Cela a profondément altéré ma mémoire, mais peut-être a commencé à faire céder des digues. Je me souviens peu de cette période là.

Du CHU Nord stéphanois, on m’a muté cinq semaines à la clinique psy de Saint Victor sur Loire où je me suis véritablement ennuyé, sans aucun espace de parole. Je voyais le psy une à deux minutes par jour, parfois dans le couloir, parfois au self ….. Il venait s’asseoir à notre table alors qu’on était six à table. Je ne pouvais pas parler.

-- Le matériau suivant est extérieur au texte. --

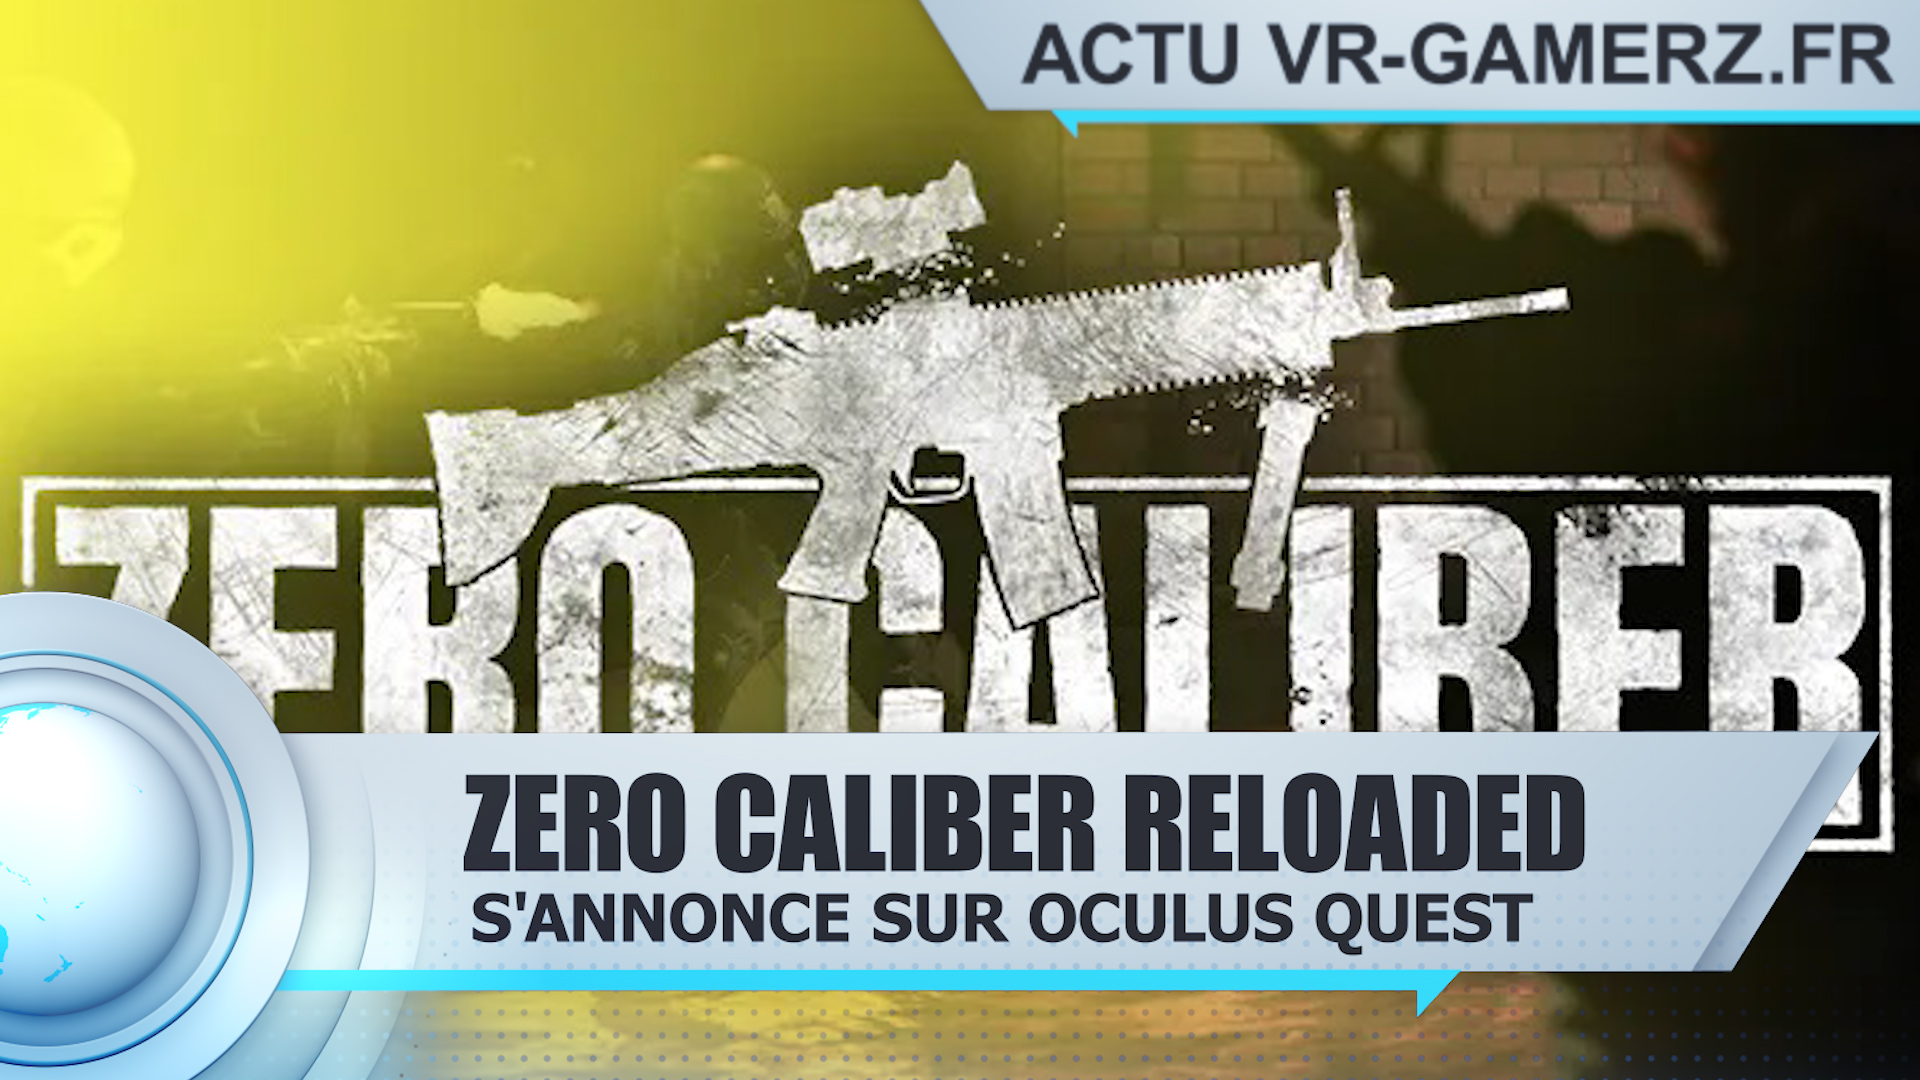 Zero caliber reloaded s’annonce sur Oculus quest

A ma demande, je suis rentré chez moi et ai continué ma psychothérapie évoquant toujours cette intime conviction d’avoir été agressé sexuellement. Et je n’arrivais pas à tirer les fils de cette intime conviction. Pas de souvenirs concrets. Être habité par ça mais sans arriver à mettre un nom et un lieu participait à mon mal-être.

Et puis, début juillet 2017, un matin j’ai vu la Une du Progrès avec le nom du curé Régis Peyrard avec sa photo, accolé au mot « pédophilie », avec la photo du curé. Le titre était: “Nouvelle affaire de pédophilie à Saint-Etienne”.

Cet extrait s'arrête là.